Incidence of Oxa23 and Oxa51 Genes Associated with Bacterial Isolated from Patients with Urosepsis: Single Centre Prespective ()
1. Introduction
The most common isolated pathogens that cause urosepsis are Escherichia coli, followed by Proteus mirabilis, Enterobacter, Klebsiella pneumonia, Pseudomonas aeruginosa, and gram-positive bacteria [3] [4] [5]. These causative organisms are considered serious invaders which need urgent treatment and are classified into critical (including; P. aeruginosa, E. coli, P. mirabilis, K. pneumonia) and high (including; S. aureus) according to World Health Organization (WHO) [6]. The customary empirical usage of late-generation of cephalosporins yields unlimited development of bacterial resistance [7]. The majority of these strains acquired the capability to destroy the β-lactam ring [8] [9] [10] in cephalosporins. Therefore carbapenems were used as an effective alternative to the broad-spectrum antibiotic to treat these bacteria. However, organisms express resistance to carbapenems [11].
Globally; in the last decade strains that revealed resistance to carbapenemfell mainly in gram negative bacteria including; Acinetobacter baumannii and Pseudomonas aeruginosa by different mechanisms intrinsic or mediated by transferable carbapenemase-encoding genes [12] these mechanism includes; decreased membrane permeability, efflux pumps and an enzymatic resistance to carbapenems. Carbapenemase is enzymatically classified into Ambler class A, B and D based on amino acid homology [13] [14] [15]. Acquired class D β-lactamases, also known as oxacillin hydrolyzing enzymes (OXA) genes, structurally are different in amino acid from class A and C enzymes and are widely distributed among gram negatives rods. This resistance is mostly associated with class 1 integron or insertion sequences. These genes are characterized by important genetic diversity and great heterogeneity in terms of β-lactam hydrolysis spectrum [16]. This class contains various types of carbapenemase and generally cannot be deactivated by clavulanic acid, tazobactam, and sulbactam and it is including blaOXA-51, blaOXA-23, blaOXA-24/40, blaOXA-58, blaOXA-143, and blaOXA-235. Most of them are encoded by chromosomal genes with OXA-48 considered the most commonly detected [15] [17] [18].
The recent acquisition and encoding of carbapenem-resistance by chromosomal genes (OXA-51), plasmid-mediated genes (OXA-23) [11] [19] [20], and production of cephalosporinases combined with mutations associated with decreased permeability of the bacterial cell wall. These enzymes have the capability to hydrolyze and inactivate beta lactam rings are found in beta lactam antimicrobials [17] [21], which led to emergence of carbapenem-resistant enterobacteriaceae (CRE) [22] [23].

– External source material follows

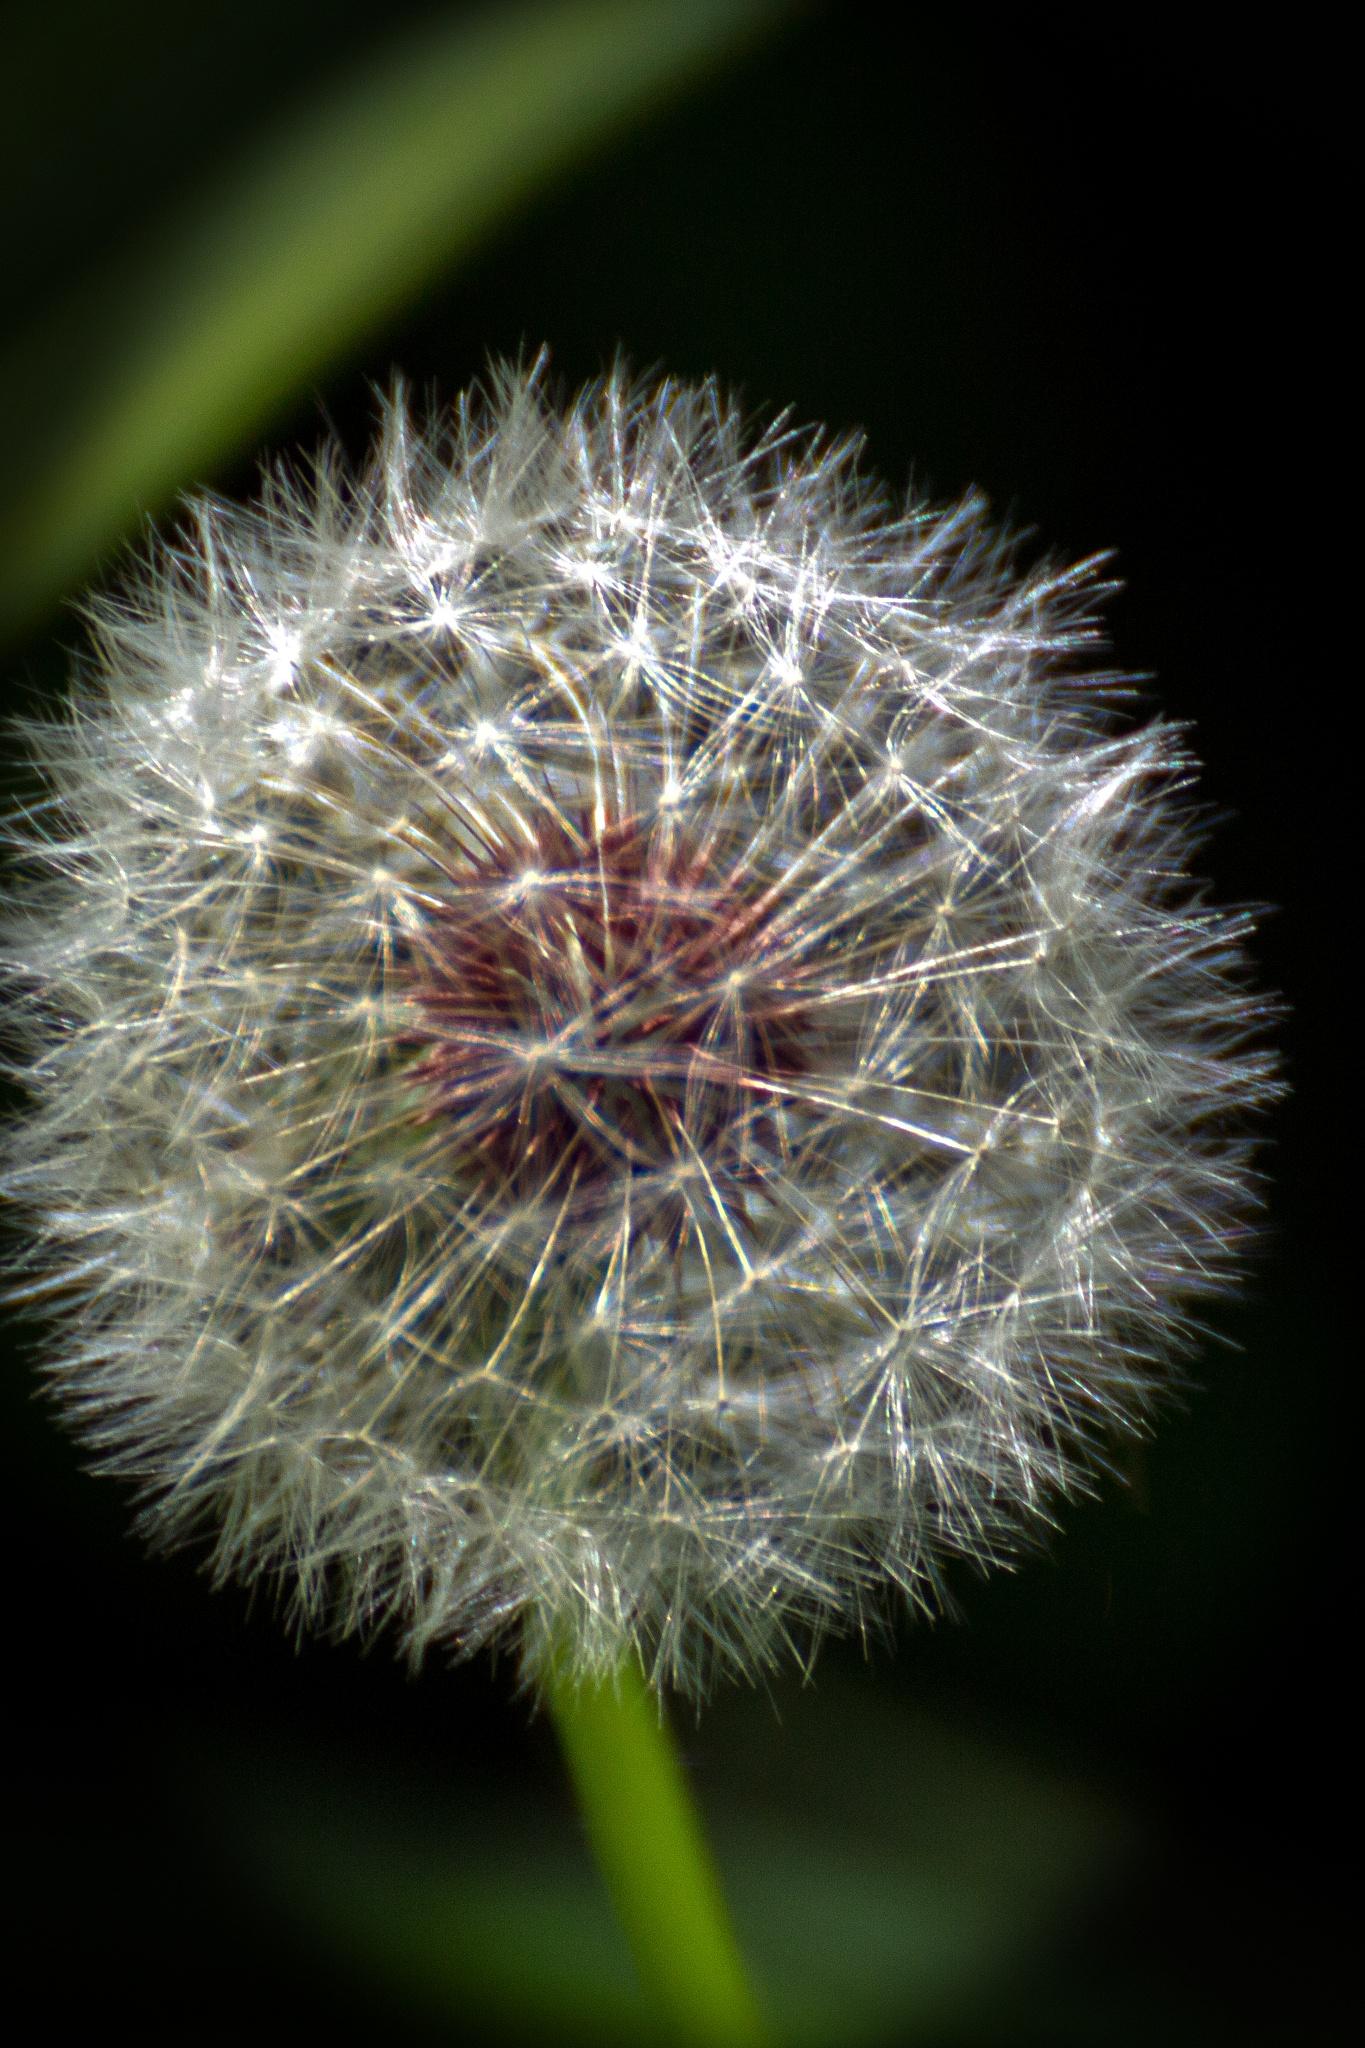 Dandelion Up Close by Judy Florio

Carbapenem resistance (CR) is globally distributed in most bacteria [24] [25]. In Sudan many studies dealt with extended-spectrum beta-lactamases (ESBL) genes and carbapenem resistant [26] [27]. This study aims to determine the incidence of oxa23 and oxa51 among isolated bacteria from urosepsis patients admitted to Gezira Hospital for Renal Diseases and Surgery, Sudan (GHRDS).
2. Methodology
2.1. Patients and Methods
This is a cross-sectional hospital-based study. It was conducted from 2019-2020 at (GHRDS), Wad Medani, Sudan. GHRDS is considered the only specialized referred centre outside Khartoum. A hundred samples were selected from patients diagnosed clinically in urology department with urosepsis caused by drug-resistant pathogens. The participants were in different ages and genders and came from different States in Sudan.
2.2. Identification of Bacterial Isolates and Susceptibility Testing
Urine samples were collected in sterile urine containers then inoculated on cysteine lactose electrolyte deficient (CLED) media, overnight at 37˚C, then identified by colonial morphology, lactose fermentation and gram’s stain. Further biochemical tests identified the bacterial isolates and the antimicrobial susceptibility testing was performed by Kirby Bauer disc diffusion technique for selected antimicrobial agent according to clinical and laboratory standards institute (CLSI). The most common β-lactam antibiotics prescriptions in policy of urology department of GHRDS are third and fourth cephalosporin (ceftriaxone, ceftizoxime and cefepime) and carbapenem (meropenem).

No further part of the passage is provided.